First Author  Shao Y Year  2004
Journal  J Biol Chem Volume  279
Issue  42 Pages  43646-53
PubMed ID  15304502 Mgi Jnum  J:119327
Mgi Id  MGI:3701759 Doi  10.1074/jbc.M404082200
Citation  Shao Y, et al. (2004) Differential regulation of the B cell receptor-mediated signaling by the E3 ubiquitin ligase Cbl. J Biol Chem 279(42):43646-53
abstractText  The E3 ubiquitin ligase Cbl has been implicated in intracellular signaling pathways induced by the engagement of the B cell antigen receptor (BCR) as a negative regulator. Here we showed that Cbl deficiency results in a reduction of B cell proliferation. Cbl-/- B cells show impaired tyrosine phosphorylation, reduced Erk activation, and attenuated calcium mobilization in response to BCR engagement. The phosphorylation of Syk and Btk is also down-modulated. Interestingly, Cbl-/- B cells display enhanced BCR-induced phosphorylation of CD19 and its association with phosphatidylinositol 3-kinase.
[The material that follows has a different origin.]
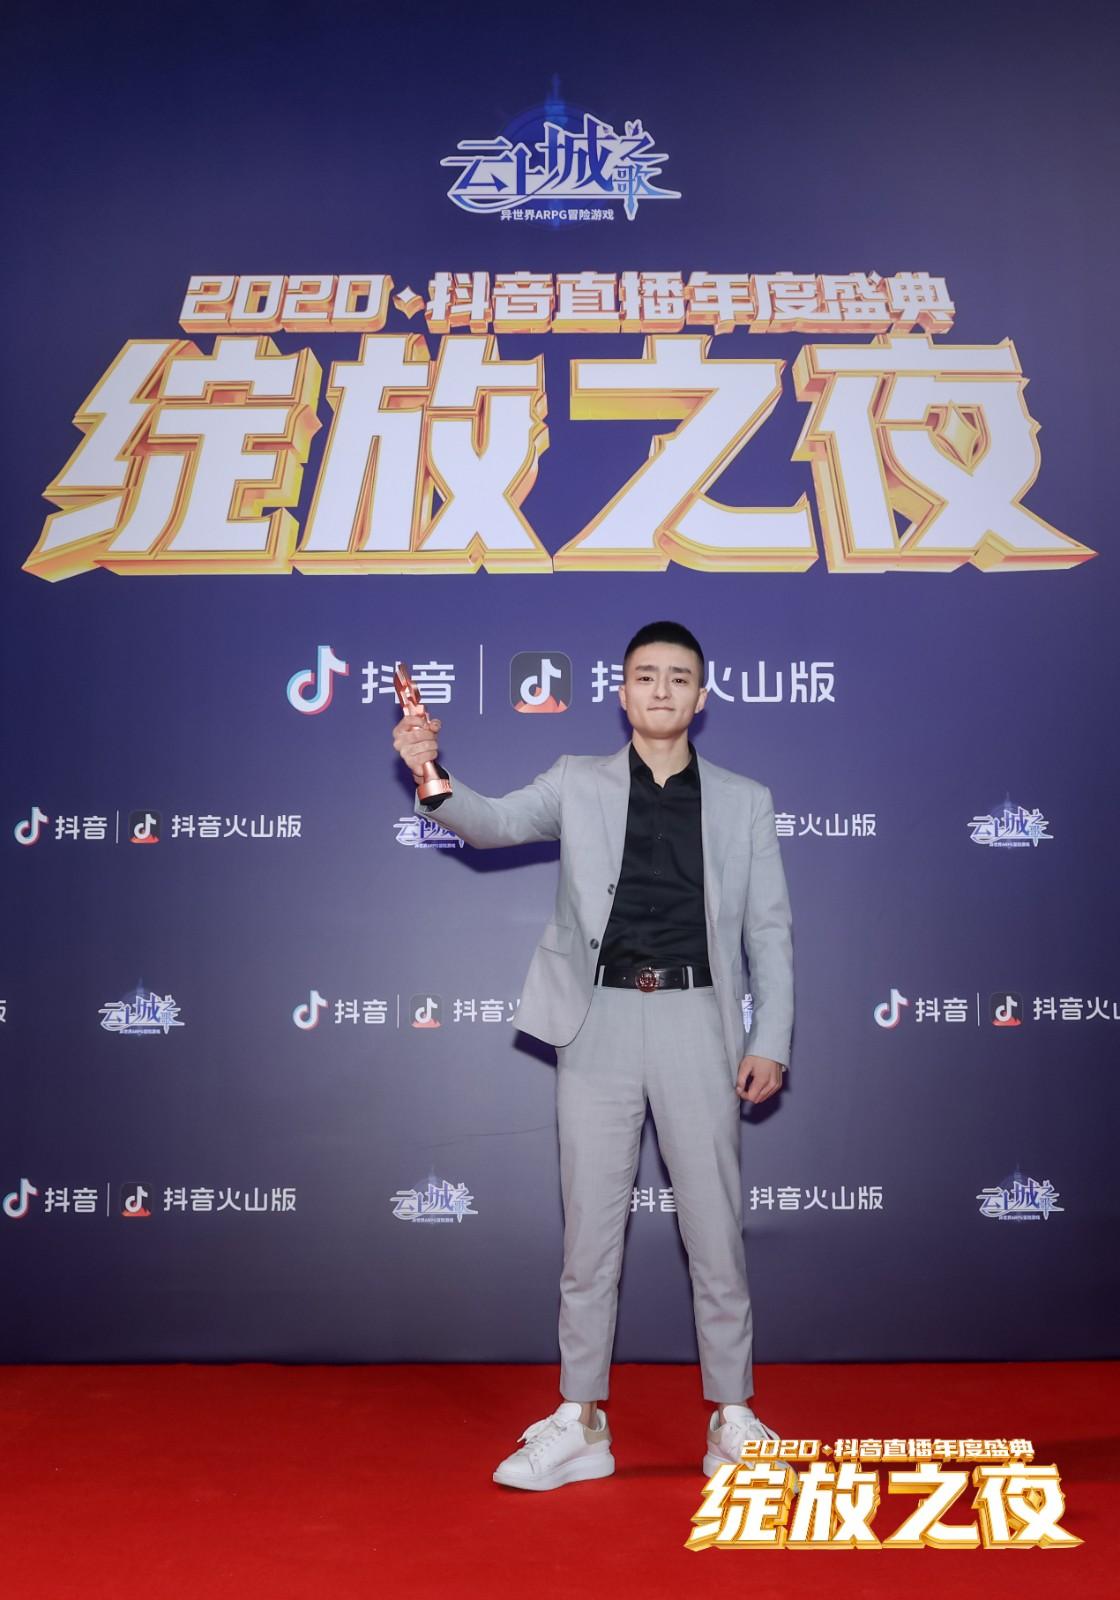 2020抖音直播盛典圆满落幕,OST传媒旗下艺人斩获年度巅峰赛等多类大奖第10张

Importantly, Lyn kinase activity is up-regulated in Cbl-/- B cells, which correlates inversely with the Cbl-mediated ubiquitination of Lyn. Because Lyn has both negative and positive roles in B cells, our results suggested that Cbl differentially modulates the BCR-mediated signaling pathways through targeting Lyn ubiquitination, which affects B cell development and activation.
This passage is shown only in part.